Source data
———

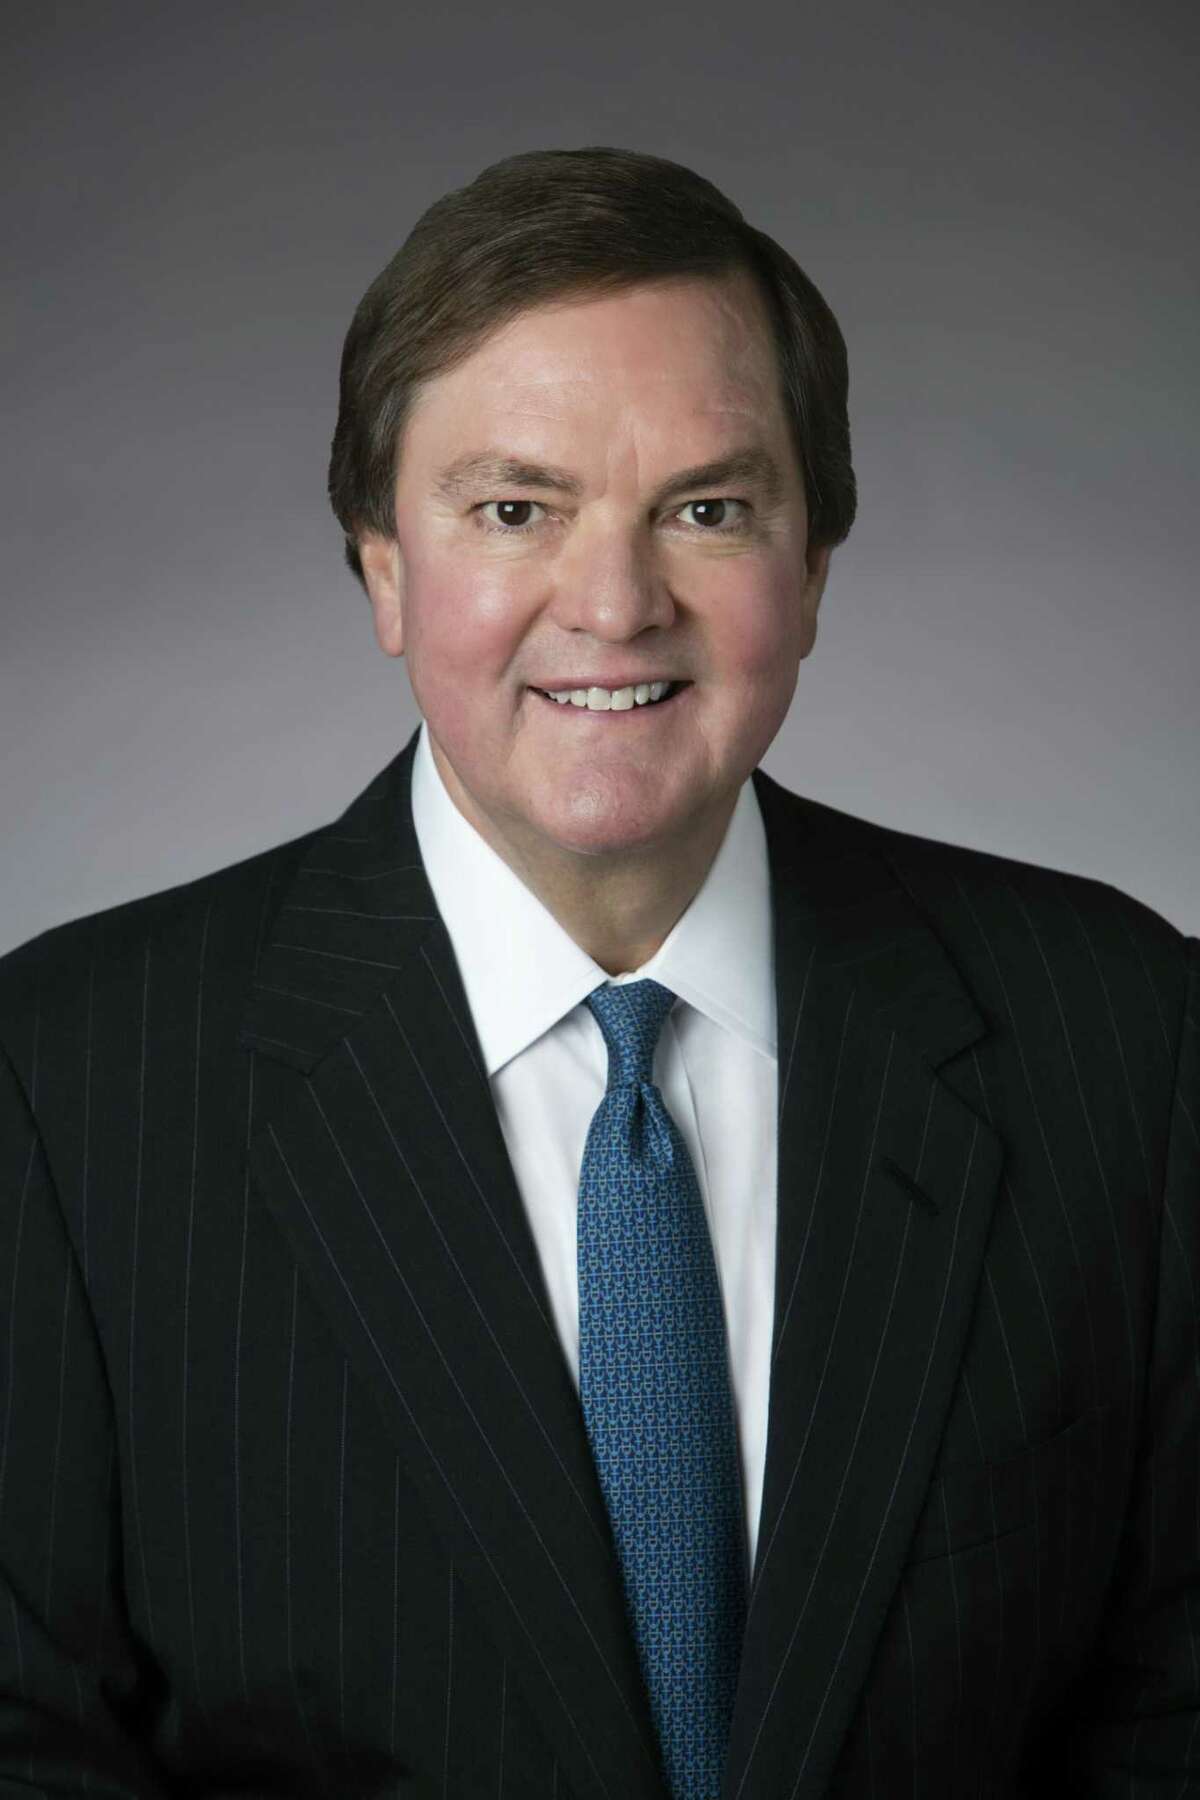 J. Bruce Bugg Jr. is the chairman of The Bank of Austin, the first bank to get a charter in Texas since June 2009.
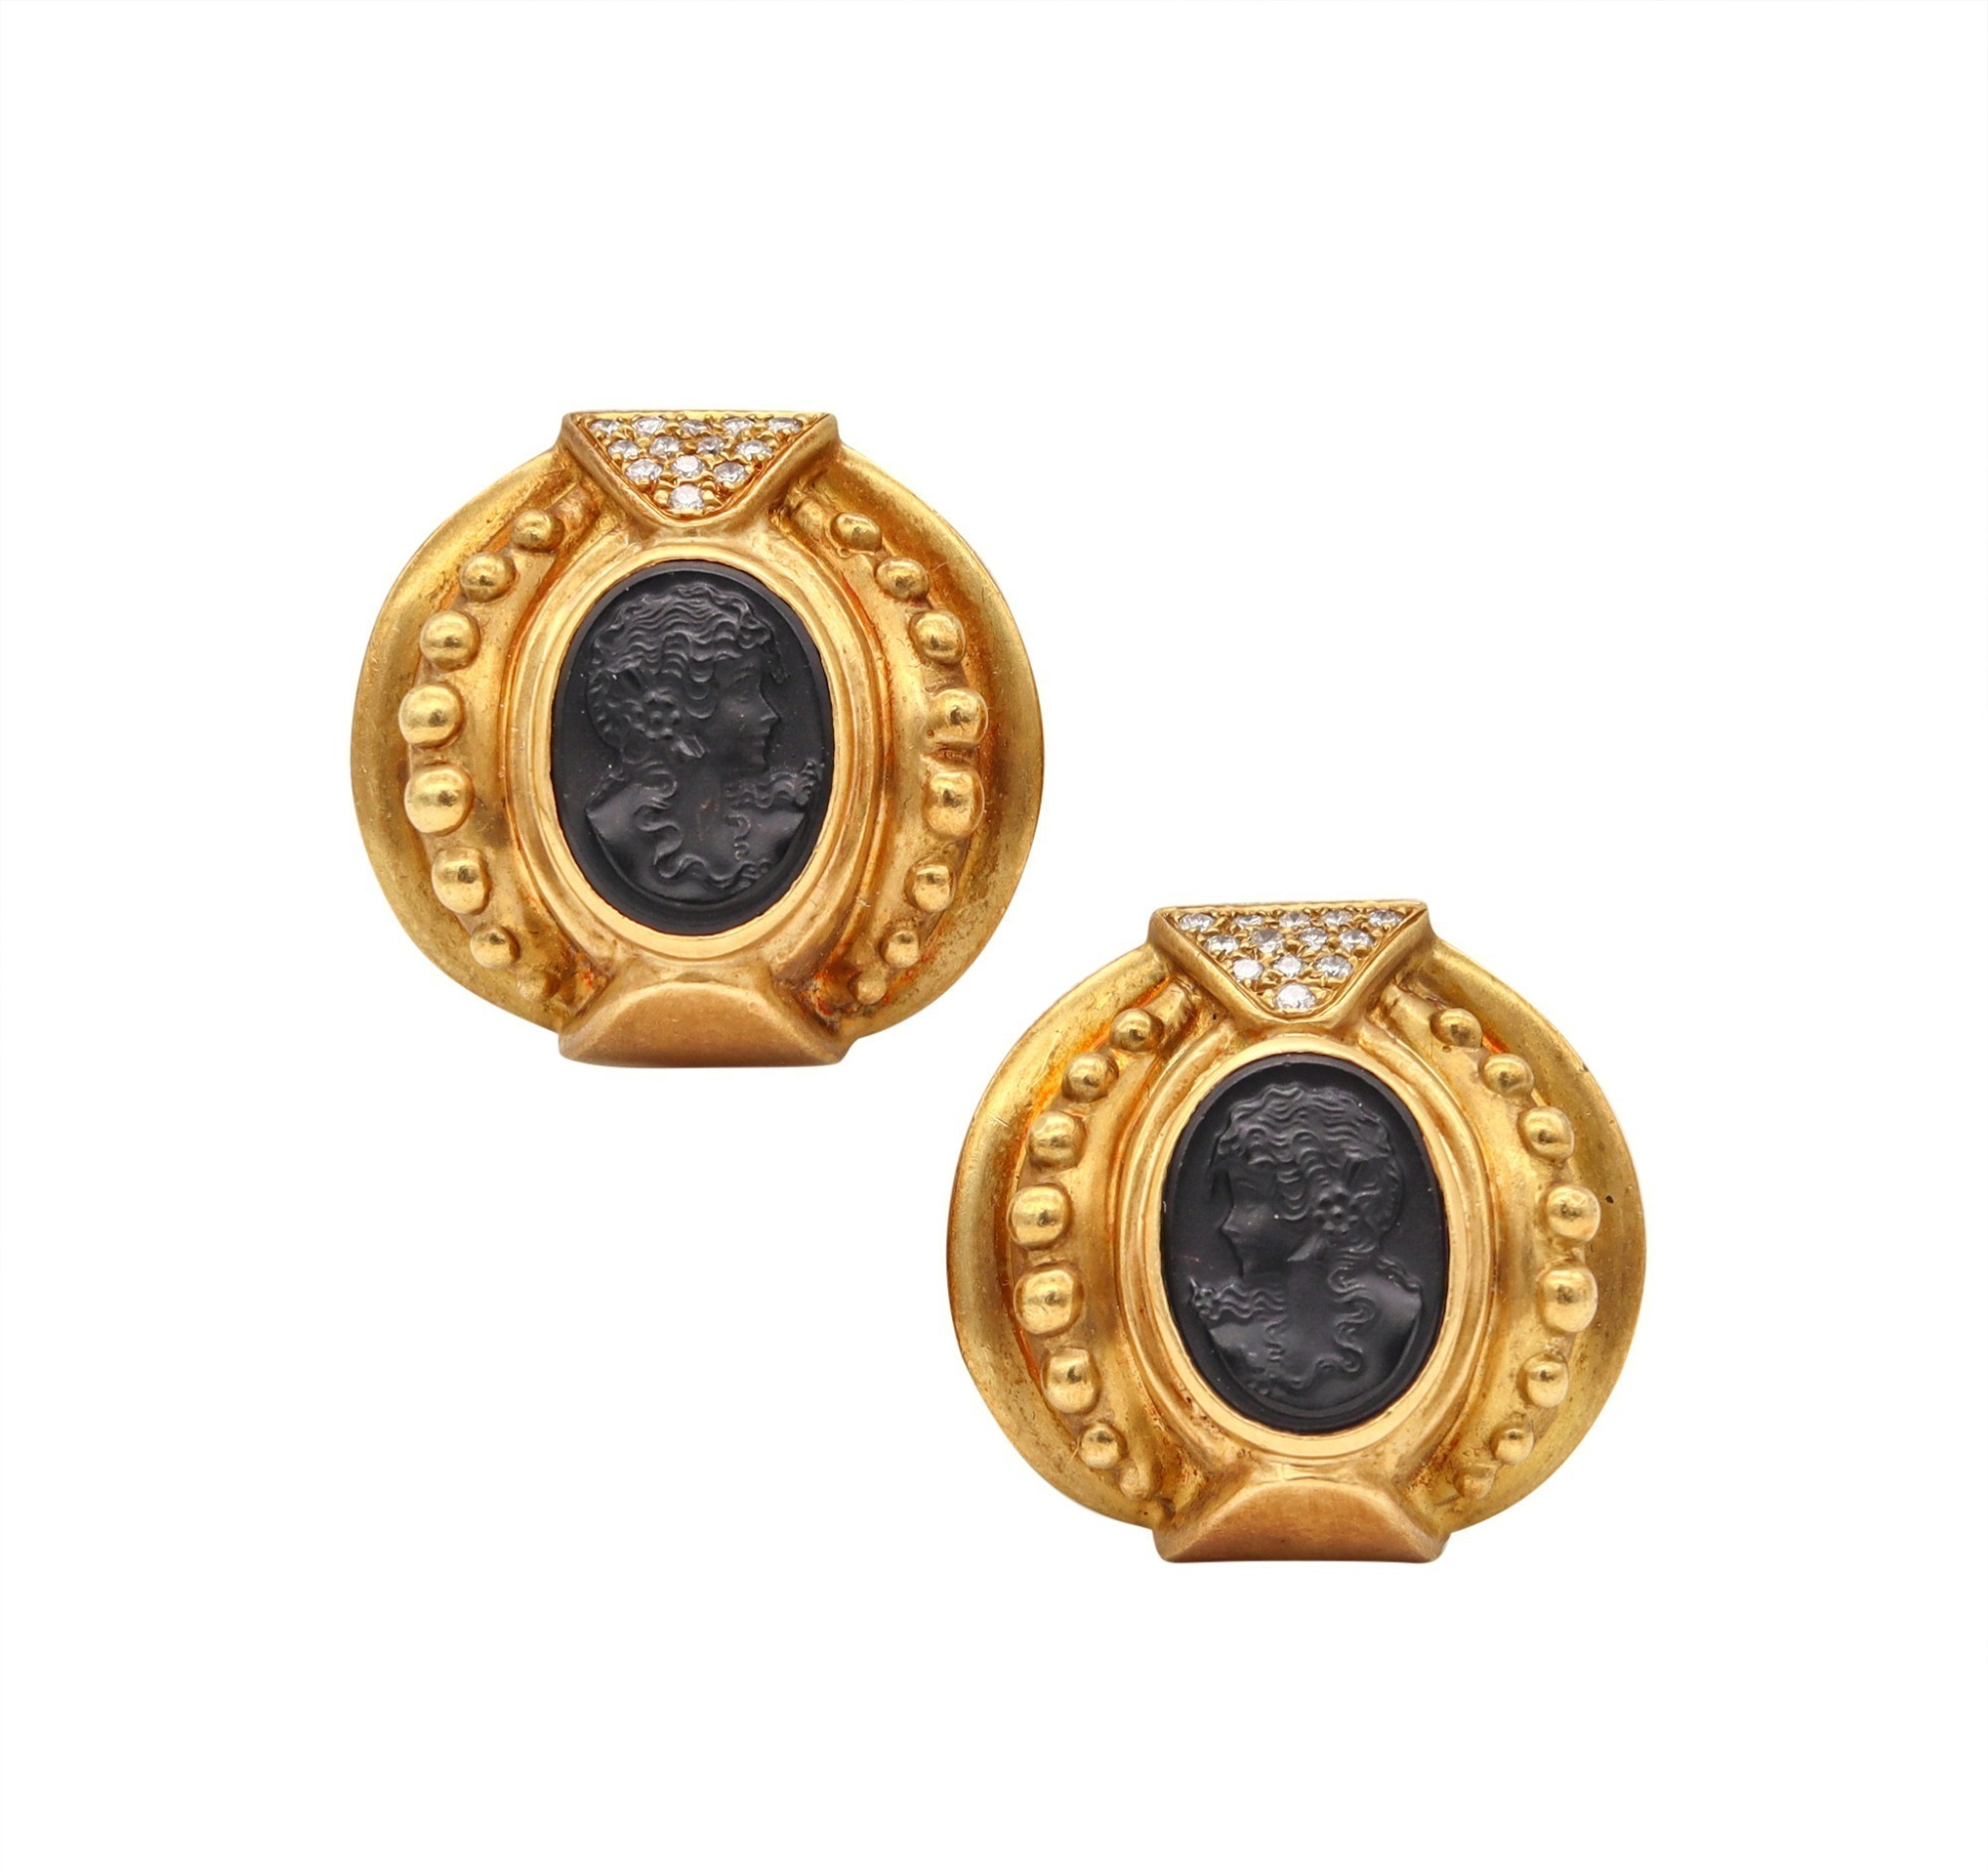 ETRUSCAN REVIVAL STYLE 18K GOLD EARRINGS WITH DIAMONDS AND ONYX CAMEOS
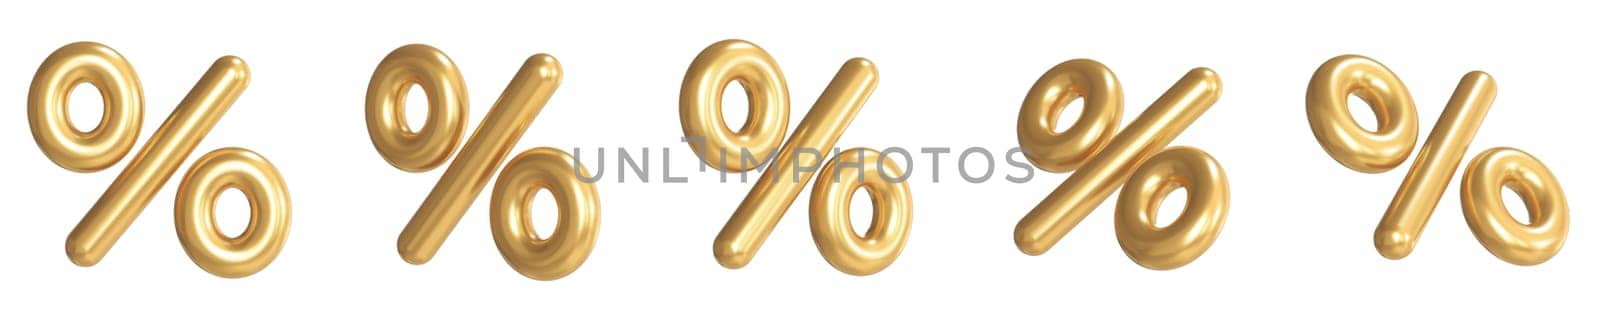 Set of golden percent signs different angles 3D rendering illustration isolated on white background
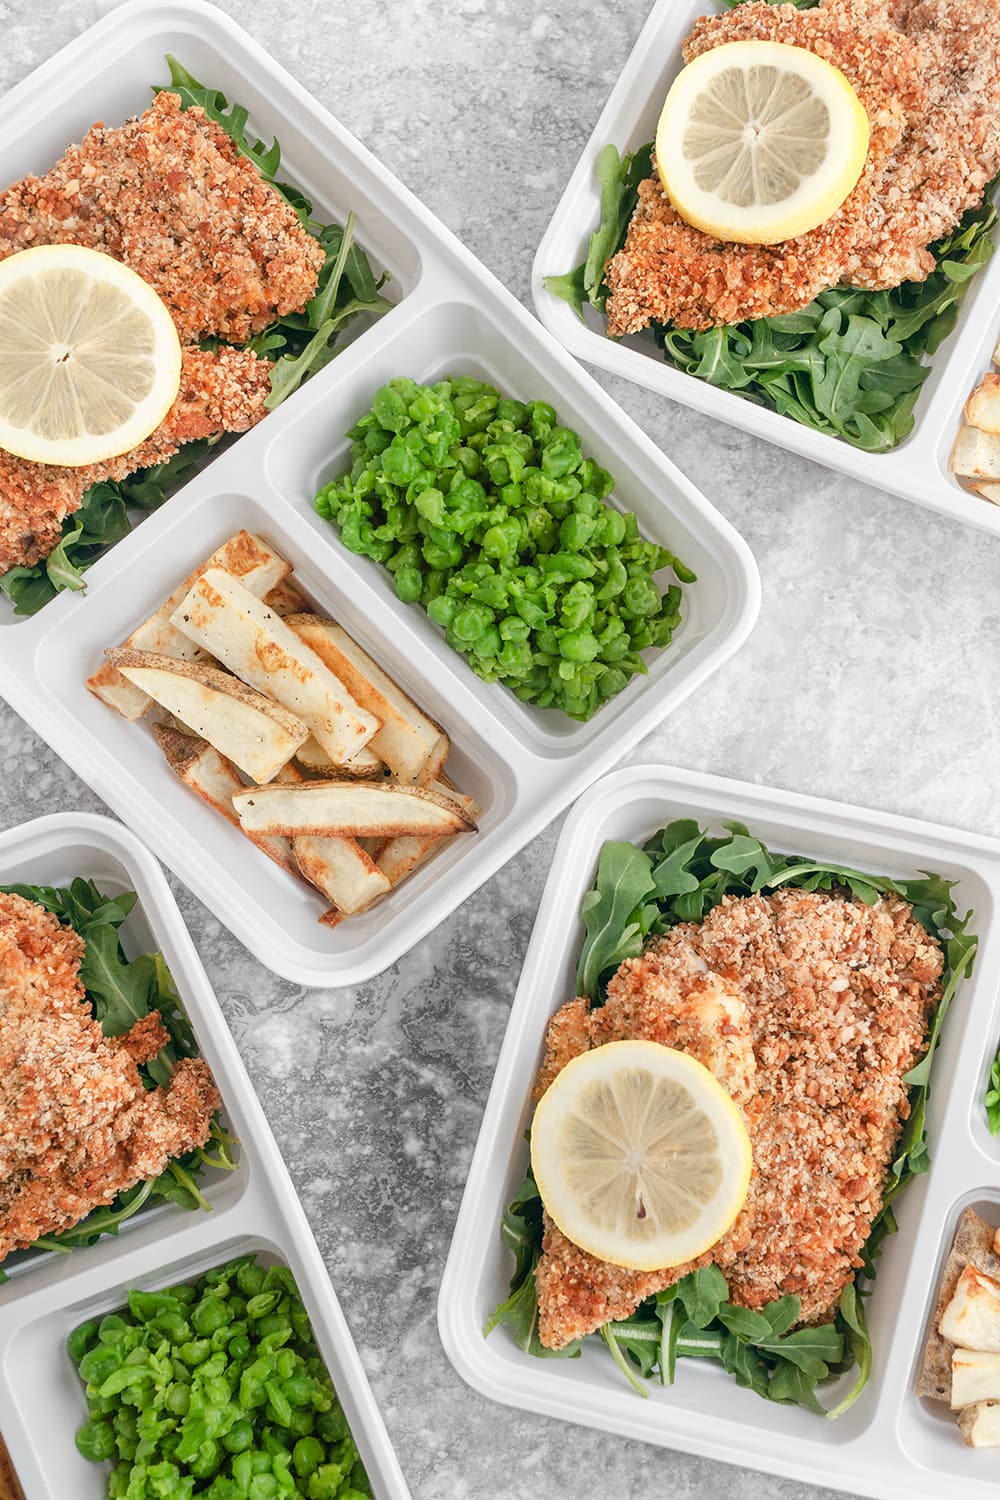 Baked Fish and Chips Meal Prep
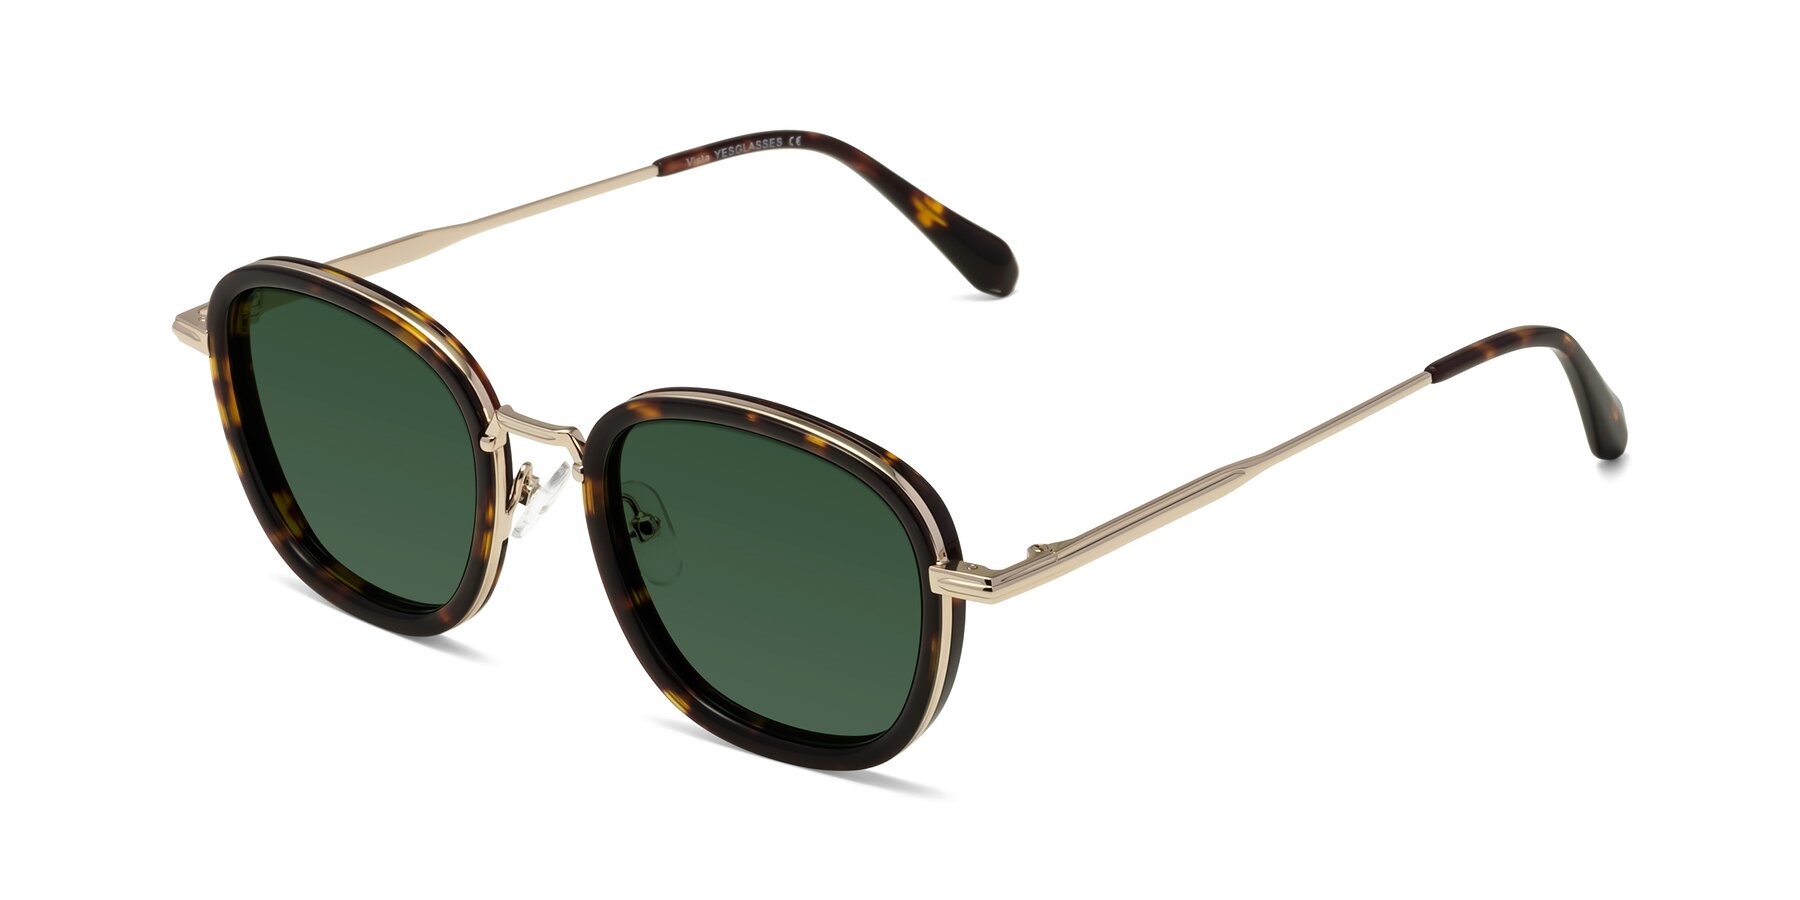 Angle of Vista in Tortoise-Light Gold with Green Tinted Lenses

———

Exercise brief: When you set down the records above, copy every line exactly and exclude the pictures.

Answer:
 J. Bruce Bugg Jr. is the chairman of The Bank of Austin, the first bank to get a charter in Texas since June 2009.
 ETRUSCAN REVIVAL STYLE 18K GOLD EARRINGS WITH DIAMONDS AND ONYX CAMEOS
 Set of golden percent signs different angles 3D rendering illustration isolated on white background
 Baked Fish and Chips Meal Prep
 Angle of Vista in Tortoise-Light Gold with Green Tinted Lenses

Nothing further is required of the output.